Cook carrots in orange juice with star anise – both complement the carrot and add deeper background notes. Cook thinly sliced savoy cabbage in a tiny knob of melted unsalted butter with caraway seeds in a pan, allowing the cabbage’s water content to exude and fold over until cooked al dente.
Serve up with seaweed
Seaweed brings the umami notes that are such a good substitute for salt. In The Flavour Thesaurus: More Flavours Segnit says that we already eat more seaweed than we realise, as carrageenan – E407 – is used as a thickener in many ice creams, milkshakes and yoghurts.
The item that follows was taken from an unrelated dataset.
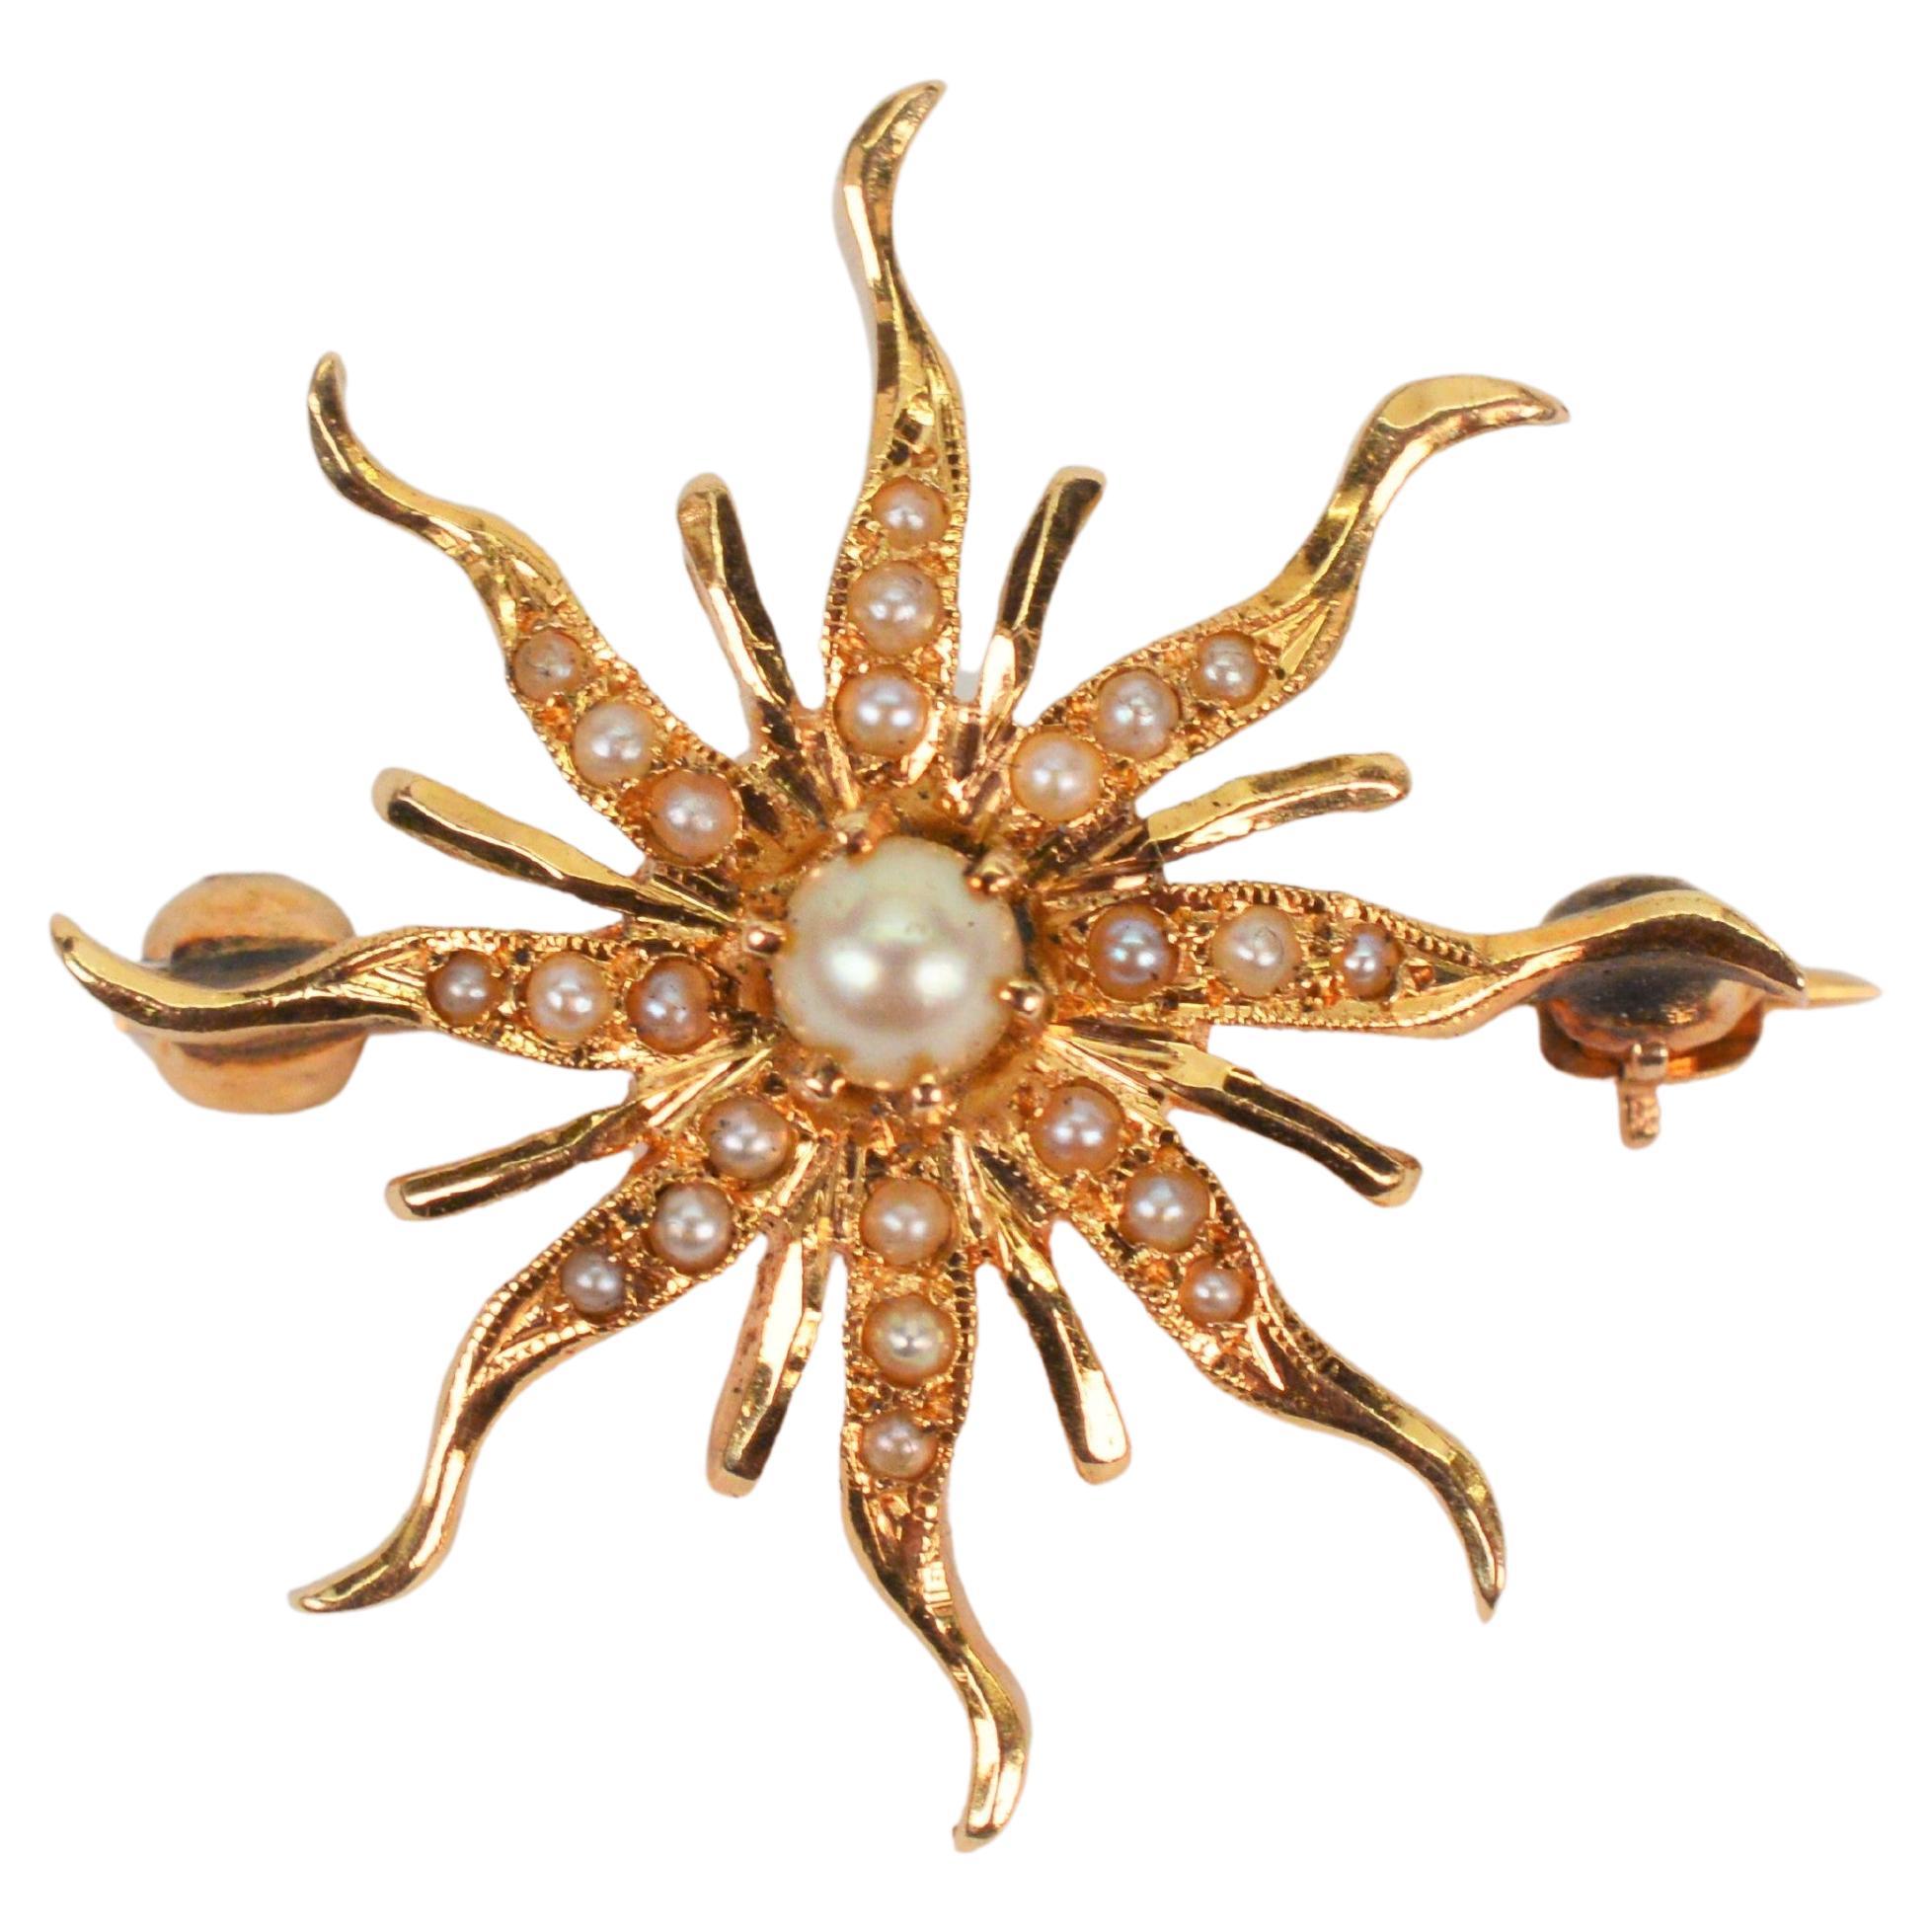 Vintage Solar Brooch Pendant Pin Charm 14K Yellow Gold Necklace w Pearl Accents

You can buy dried flakes such as wakame or kombu to sprinkle during cooking or at the table – especially good in soups. “Either use a small amount to season a bland ingredient like potato,” advises Segnit, “or serve it as the main element of a dish, with a freshening ingredient like citrus or ginger to tone down its deep sea pungency.” She says you might even get notes of hay, liquorice, Marmite, tobacco, tamari, smoke, anchovy, bacon, truffles and many more distinctive flavours.
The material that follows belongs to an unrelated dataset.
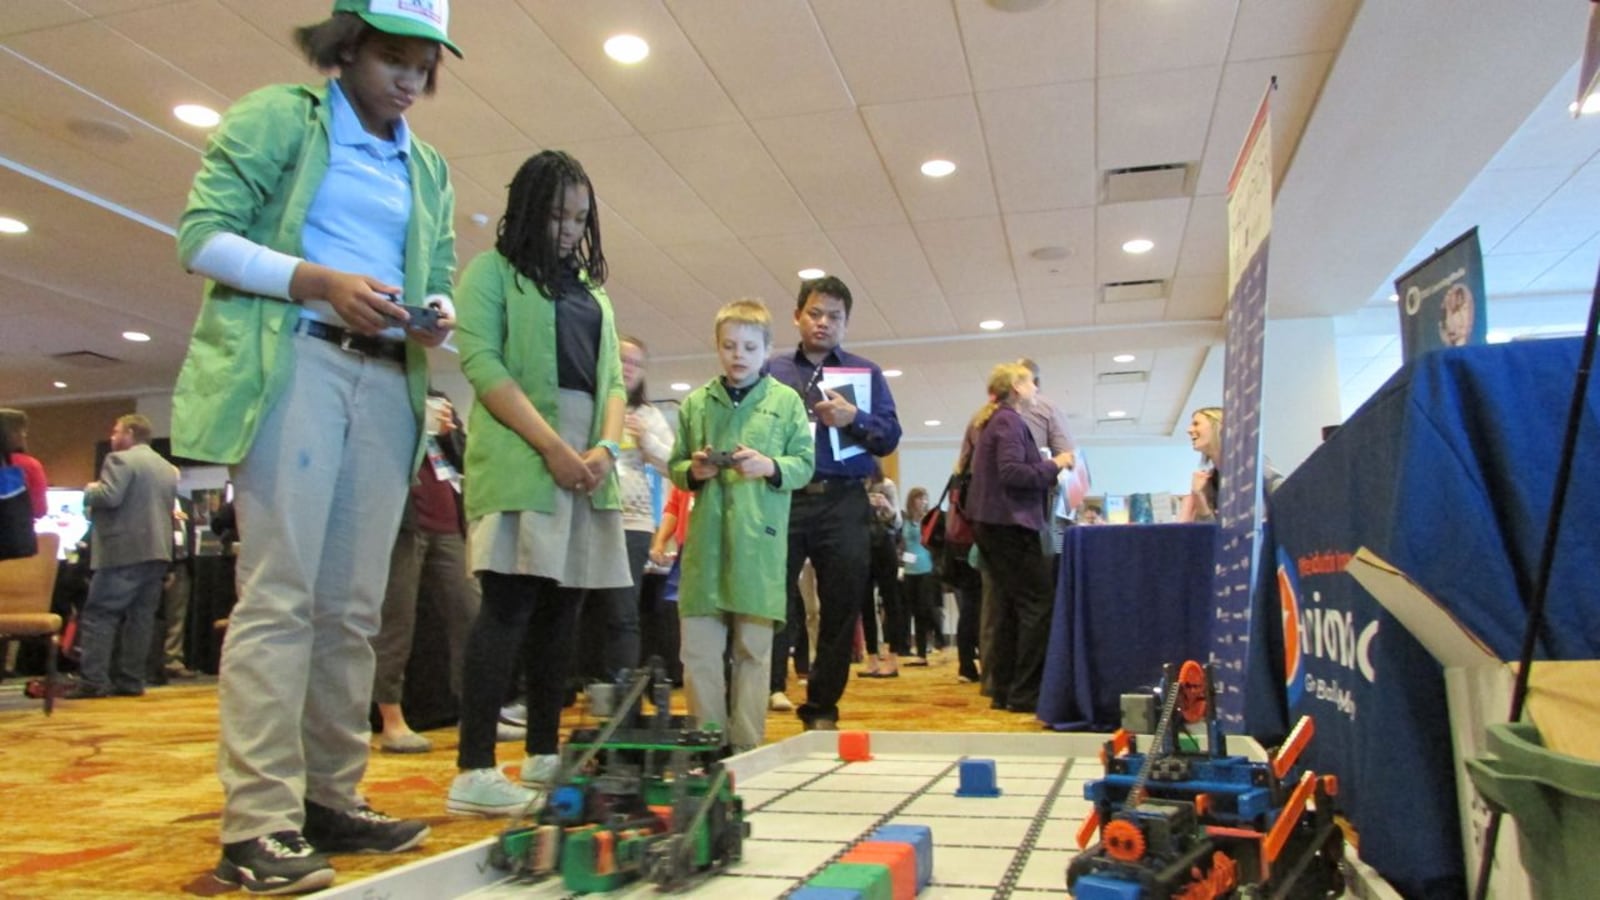 Students from Paramount School of Excellence's robotics team show off their skills at the Indiana Afterschool Network's Summit on Out of School Learning at the JW Marriott hotel in Indianapolis.

Cook with tasty ingredients
If you choose bland and poor-quality ingredients, your impulse will be to add more salt. “Salt fundamentally helps bring out the flavour of other ingredients, through a basic chemical reaction, alongside igniting your palate receptors within your mouth and at the back of your tongue,” explains Shaw. “Salt (and sugar for that matter) are added to recipes beyond their needs largely to compensate for a lack in flavour of the basic ingredients themselves.”
Substitute beans for processed proteins
Amelie Christie-Miller of Bold Bean Co recommends using protein-rich beans instead of salty meats, for example crisping up red beans with smoky paprika and olive oil as a stand-in for bacon, and using red beans in puff pastry instead of sausage meat, as with these Stilton rolls.